I proposed this open problem for the next polymath project. Now I will consider some its special simple cases.
First, it is quite obvious that every strong partitioning is a weak partitioning.
If (finite) meets of our lattice are distributive over arbitrary joins (or, equivalently, our lattice is brouwerian) then the reverse implication holds, that is a weak partitioning is a strong partitioning.
Proof: Let $latex S$ is a weak partitioning, let $latex A,B\in\mathscr{P}\mathfrak{A}$ and $latex A\cap B=0$. Then
$latex \bigcup^{\mathfrak{A}} A \cap^{\mathfrak{A}} \bigcup^{\mathfrak{A}} B =\bigcup^{\mathfrak{A}} \left\{ \left(\bigcup^{\mathfrak{A}} A \right) \cap^{\mathfrak{A}} Y | Y \in B \right\} \subseteq\bigcup^{\mathfrak{A}} \left\{ \bigcup^{\mathfrak{A}} (S \setminus Y) \cap^{\mathfrak{A}} Y | Y \in B \right\} =\bigcup^{\mathfrak{A}} \left\{ 0 \right\} = 0$
It was taken into account that $latex S\setminus Y\supseteq A$.
So $latex S$ is a strong partitioning. QED
This does not solve the problem for me, because I want to prove it for the cases when our complete lattice is not brouwerian but is dual that is co-brouwerian. Co-brouwerian lattices appear as lattices of filter objects in my manuscript about filters and as lattices of funcoids in my texts about funcoids and reloids; it is simple to prove that for infinite set it is not brouwerian.
Further: it is trivial that every finite distributive lattice is brouwerian. From this follows that weak and strong partitioning coincide for finite distributive lattices.
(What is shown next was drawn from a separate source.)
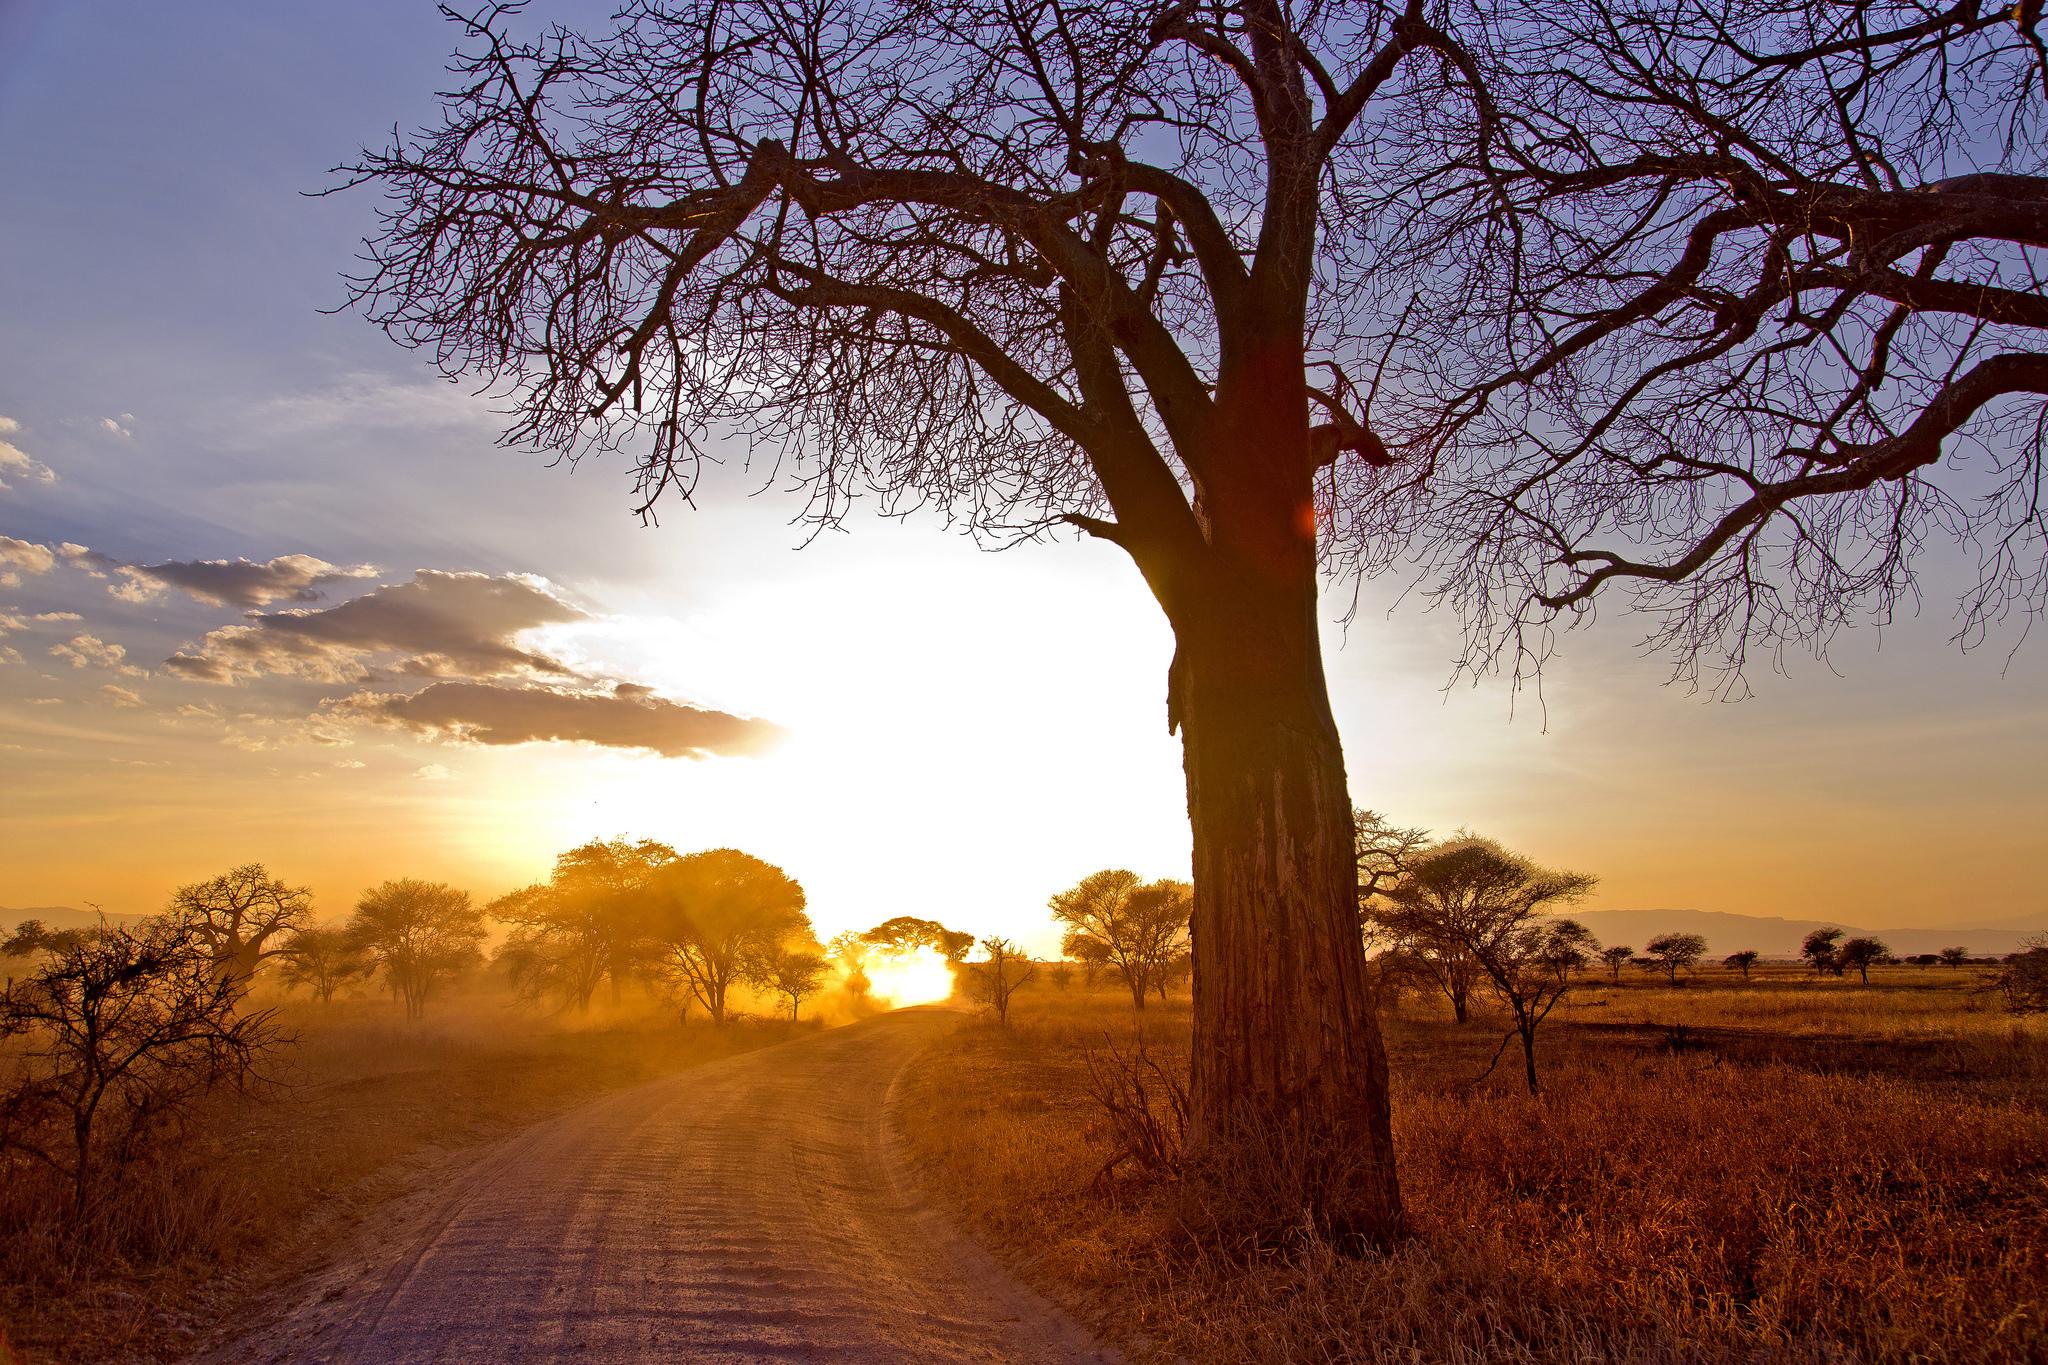 дерево дорога tree road  № 2404892  скачать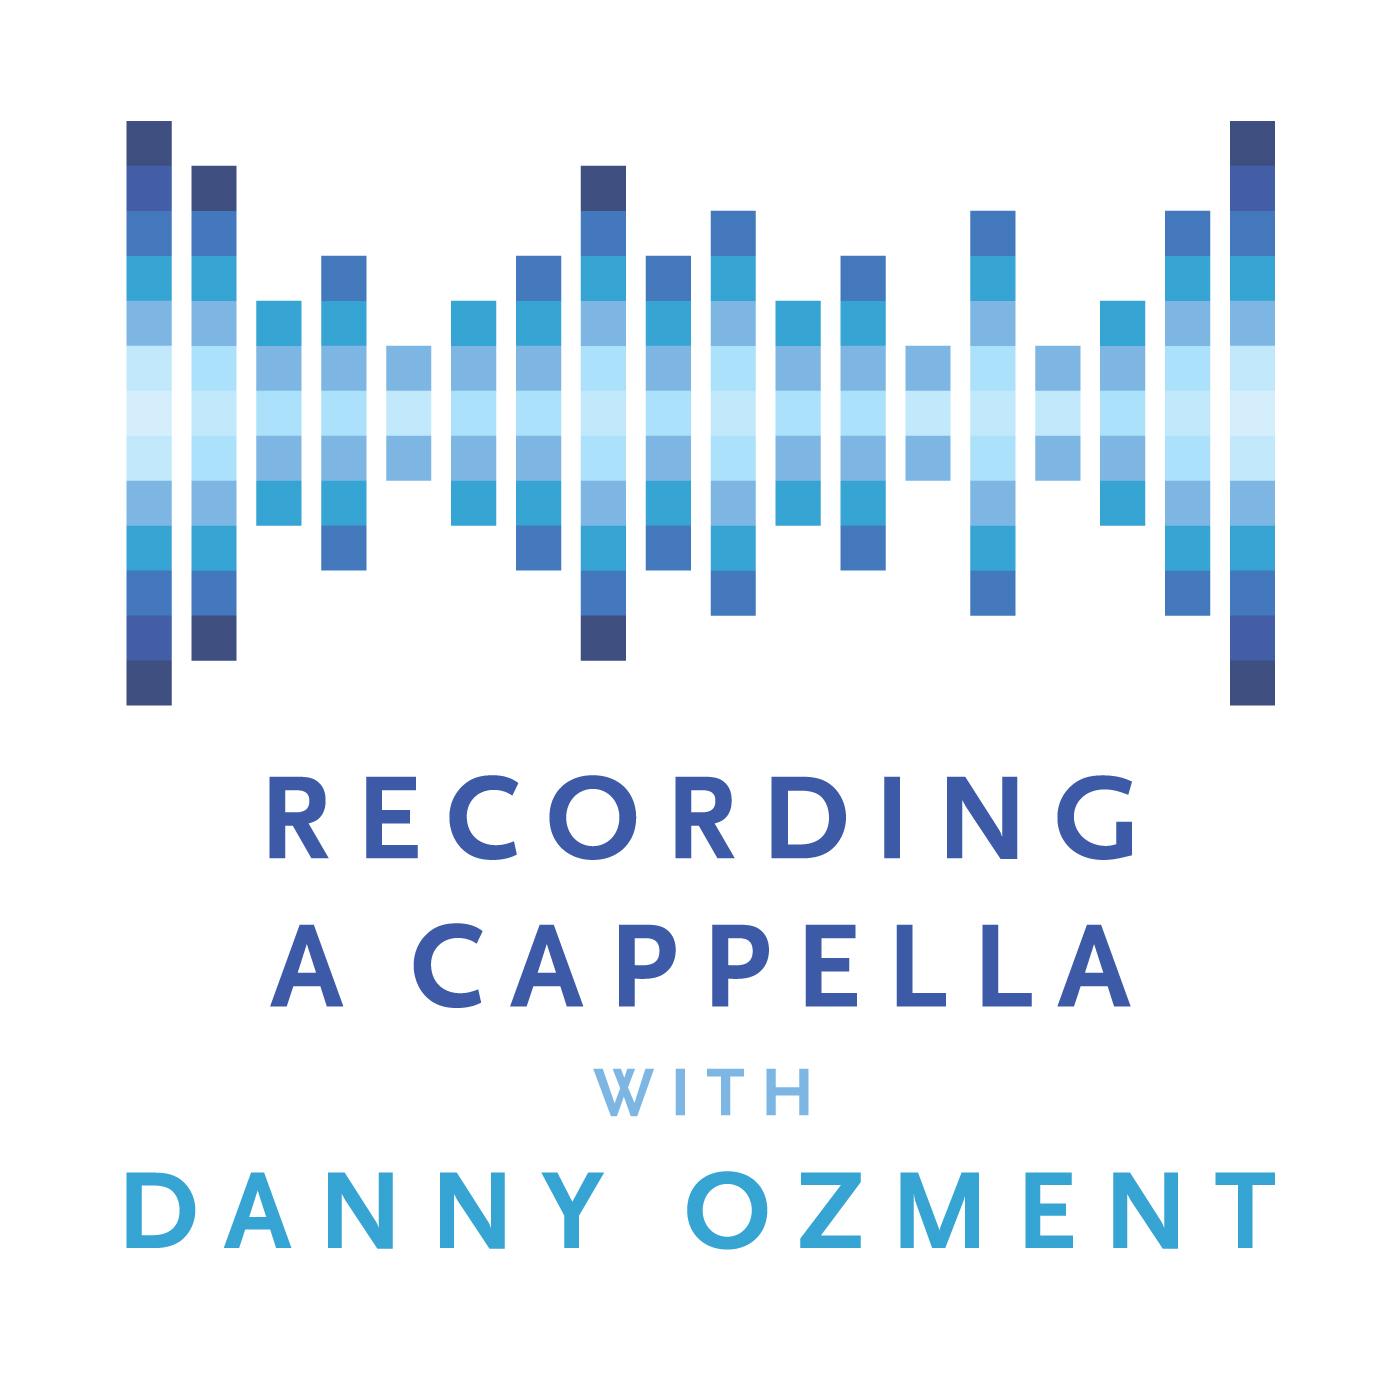 Recording A Cappella with Danny Ozment show art

A natural question to ask: Are there non-distributive finite lattices for which weak and strong partitioning do not coincide?
Solving this question (what I have not yet attempted) would involve some combinatorics. If that shall go complex we may use a computer experiment enumerating many lattices. But I hope that the solution to this tiny question is simpler.